This policy explains what personal data LaboMed Tracking (“the app”, “we”, “us”) processes, why, and what rights you have. It is written to meet the requirements of the EU General Data Protection Regulation (GDPR).
1. Who is responsible for your data
The data controller for the processing described here is:
[Your name or company]
[Street address]
[Postal code, City, Country]
Contact: [your-privacy-email]
2. Data we process
a) Data stored only on your device
You enter or import this information; it is saved in a local database on your phone or computer and is not sent to us except during the import step described in section 2(b):
| Category | Examples |
|---|---|
| Family member profiles | Name, date of birth or year of birth, sex, optional national ID number, medications, height, weight. |
| Lab reports | The imported PDF or photo, and the extracted biomarkers (name, value, unit, reference range, status). |
| Health context | AI-generated summaries, notes, life-event markers (e.g. a new medication or diet), and retest reminders. |
Some of this is health data and other sensitive data (a “special category” under GDPR Art. 9), including a national identity number where you choose to enter one. You decide what to store, and you can delete any of it at any time inside the app.
b) Data transmitted when you import a report
When — and only when — you import a lab report, the app sends the following to our processing service, which forwards it to our AI provider to read the report:
- The report file itself (the PDF or image).
- Context to improve accuracy: the person's age, sex, current medications, height and weight (whichever you have entered).
- The interface language, so the summary is generated in your language.
- A randomly generated device identifier and the app version, used to prevent abuse and apply usage limits.
The device identifier is created on your device and is not linked to your name, email or a user account. We do not ask you to sign in, and we do not use advertising or analytics trackers.
3. Why we process it, and our legal basis
| Purpose | Legal basis (GDPR) |
|---|---|
| Provide the core function you asked for: reading a report and returning structured results and a summary. | Performance of a service you request (Art. 6(1)(b)); for health data, your explicit consent given by importing the report (Art. 9(2)(a)). |
| Prevent abuse and apply fair-use limits (device identifier, app version). | Legitimate interests in keeping the service available and controlling costs (Art. 6(1)(f)). |
| Store your data on your device for your own record-keeping. | Processing carried out by you, locally; we do not access it. |
4. Who we share it with
We do not sell your data. To read your reports, the following processors act on our behalf:
- AI provider — Anthropic PBC, which operates the Claude AI model used to extract the results and write the summary. Review Anthropic's privacy terms at anthropic.com/legal/privacy.
- Hosting provider — [Hetzner Online GmbH, EU], which hosts the processing service that receives your upload and relays it to the AI provider.
Verify with each processor whether uploaded content is retained or used for model training, and reflect the answer here. Do not publish this policy until these statements match your processors' actual terms.
5. International transfers
Depending on the provider, your imported report may be processed on servers outside your country, including outside the European Economic Area. Where that happens, transfers are protected by appropriate safeguards such as the European Commission's Standard Contractual Clauses.
6. How long we keep it
- On your device: your profiles, reports and history remain until you delete them in the app or uninstall the app. Uninstalling removes the local database.
- On our service / the AI provider: the imported file is processed to produce your result and is not intended to be retained beyond what is needed to complete the request. [Confirm exact retention period.]
7. Security
Your data on the device is protected by your device's own security, and the app can be locked with a PIN. You can also export a password-encrypted backup that only you can open.
8. Your rights
Under the GDPR you have the right to access, correct, delete, restrict or object to the processing of your personal data, and to data portability. Because most data lives only on your device:
- You can view, edit and delete any profile, report or item directly in the app.
- You can erase everything by deleting it in the app or uninstalling.
- For data handled by our processing service, or to exercise any right, contact us at [your-privacy-email].
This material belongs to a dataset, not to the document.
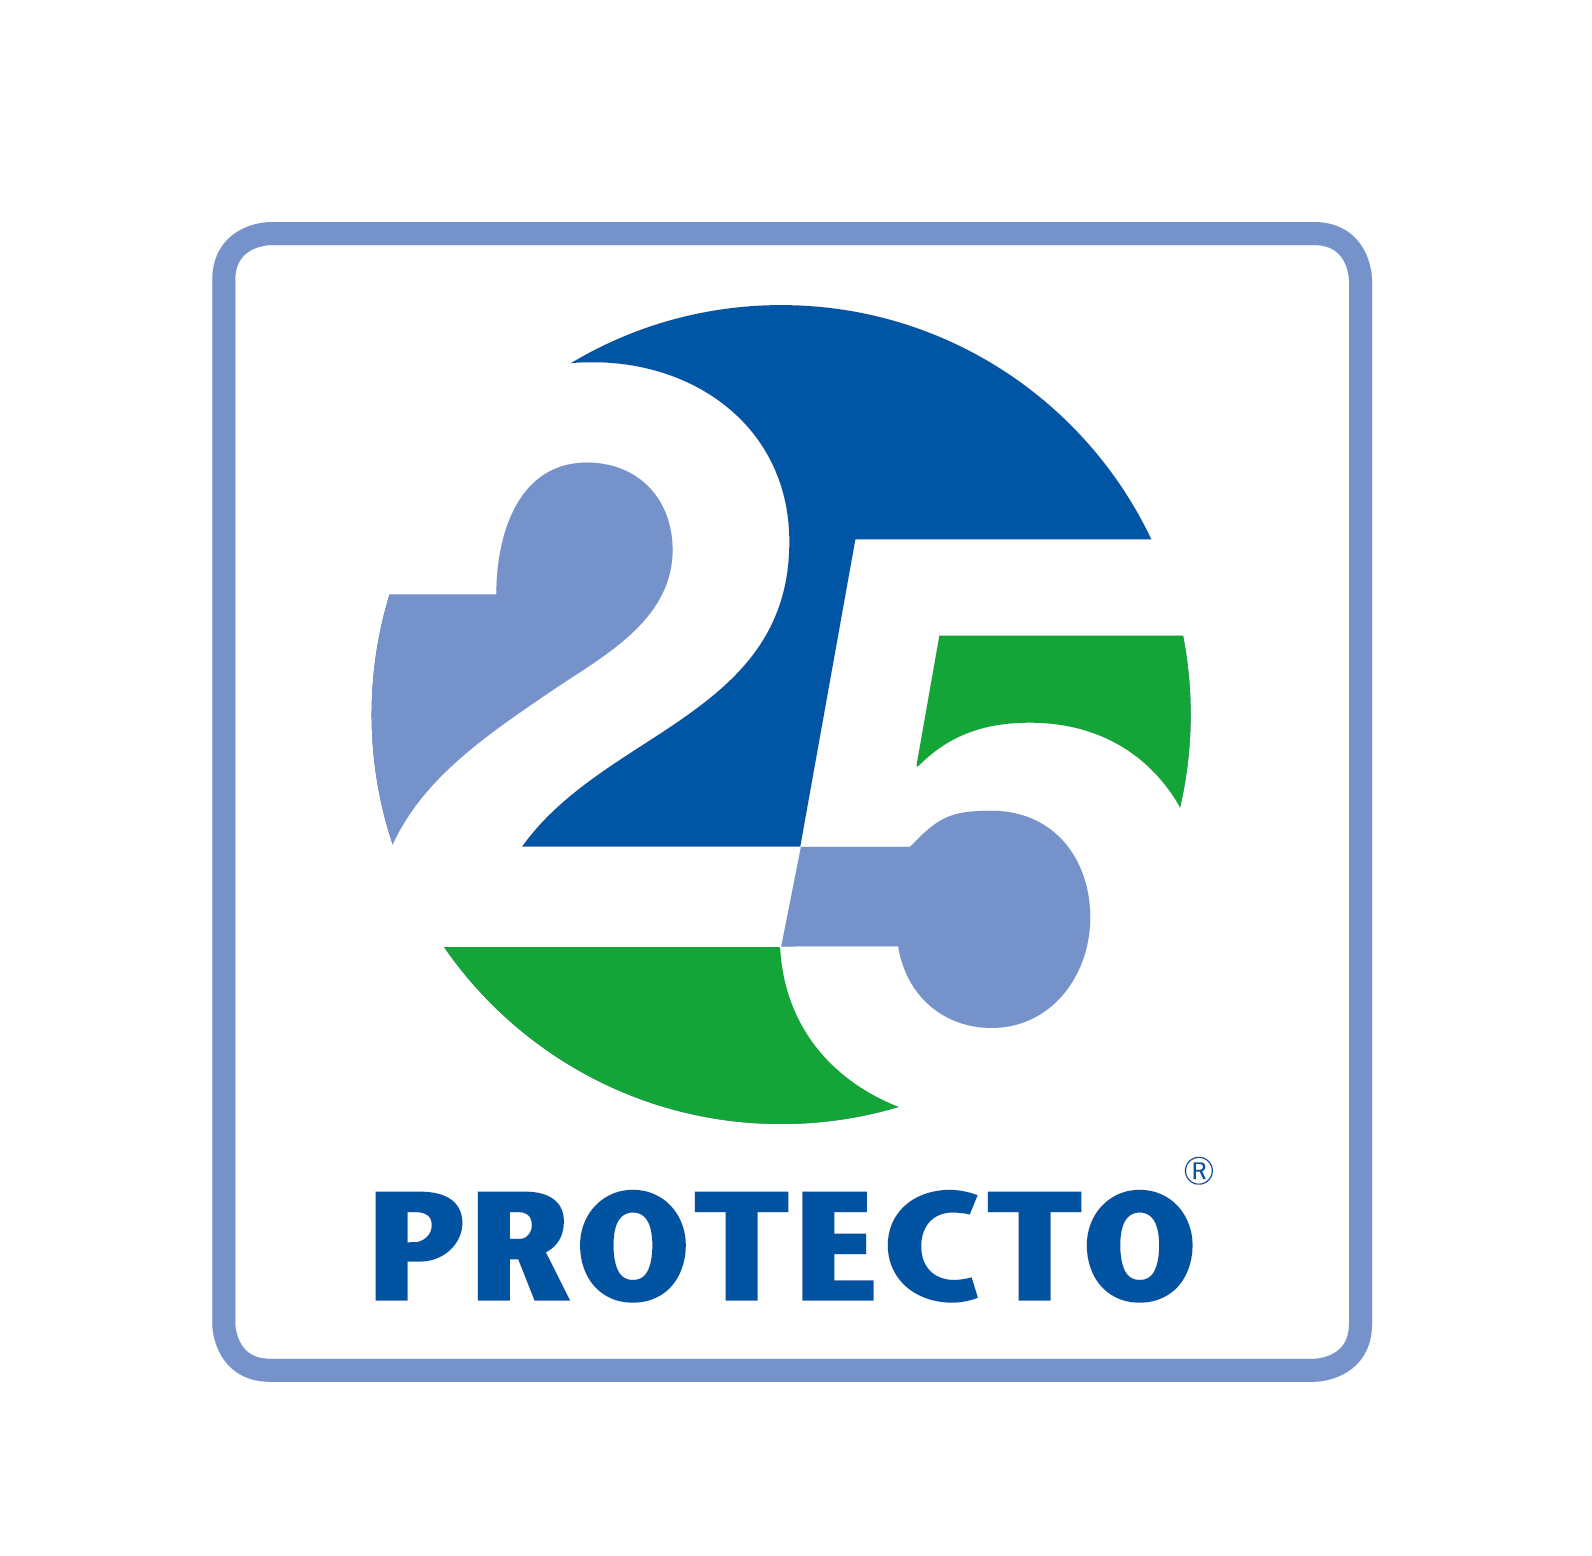 Protecto-Logo-25-Jahre-Jubilaeum_03q7wTG150Bn9j3

You also have the right to lodge a complaint with your local data protection authority.
9. Children
The app can store profiles for children as part of managing a family's health records, entered and controlled by a parent or guardian. The app is not directed to children as users and does not knowingly let children create their own records without a responsible adult.
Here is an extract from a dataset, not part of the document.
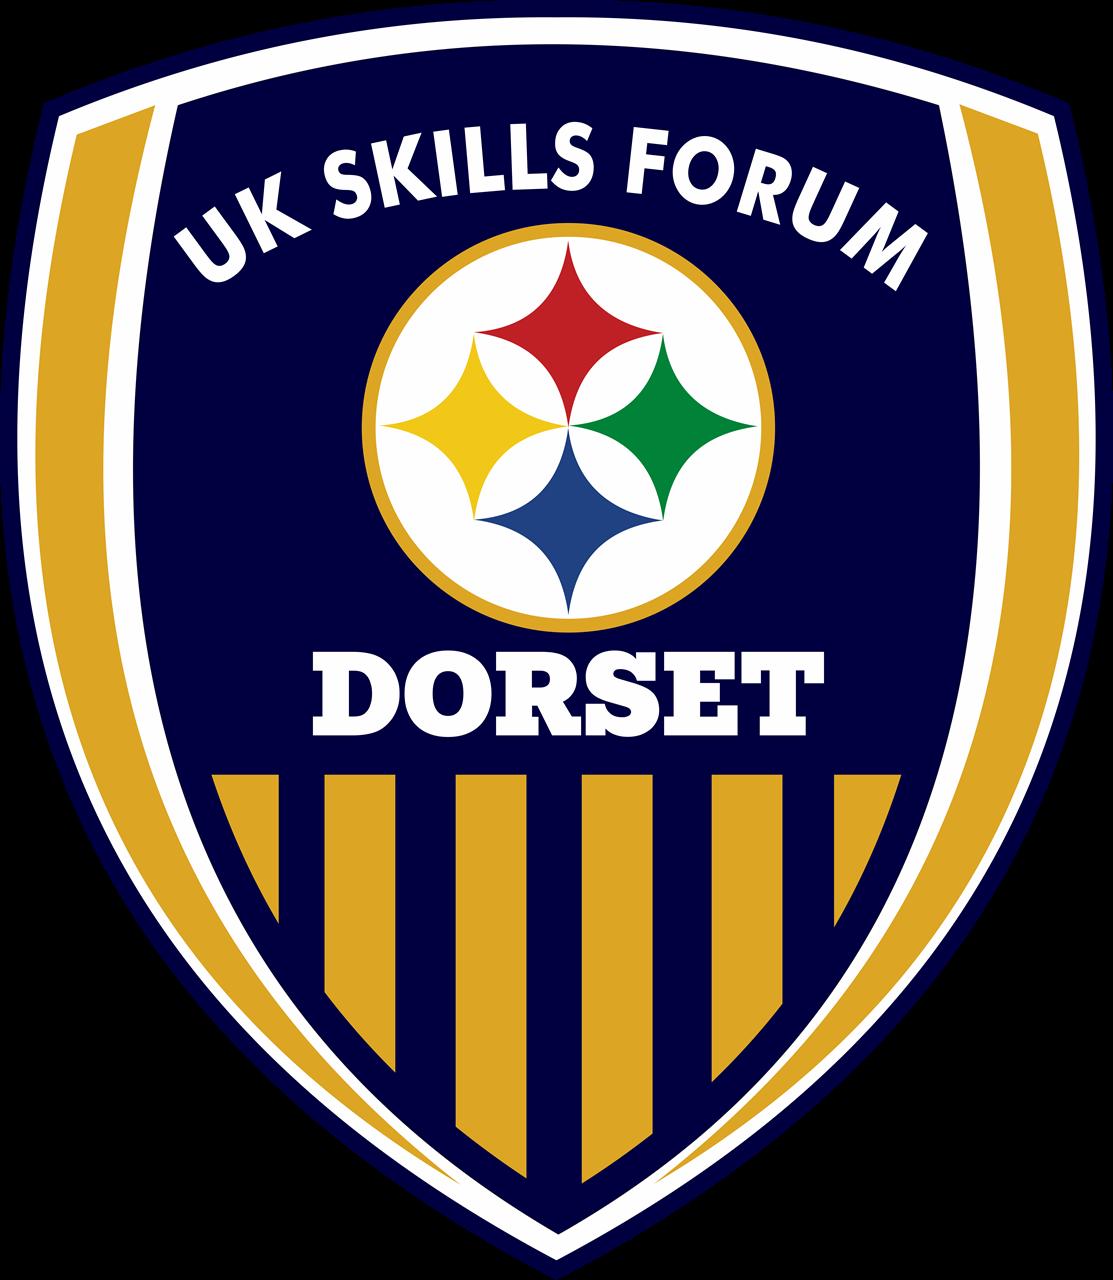 Club Image for UK Skills Forum

10. Changes to this policy
We may update this policy as the app evolves. Material changes will be indicated by updating the “Last updated” date at the top of this page.
11. Contact
Questions about this policy or your data? Email [your-privacy-email].
Medical disclaimer: LaboMed Tracking is an informational tool for organizing and understanding lab results. It is not a medical device and does not provide diagnosis or treatment. Always consult a qualified healthcare professional about your results.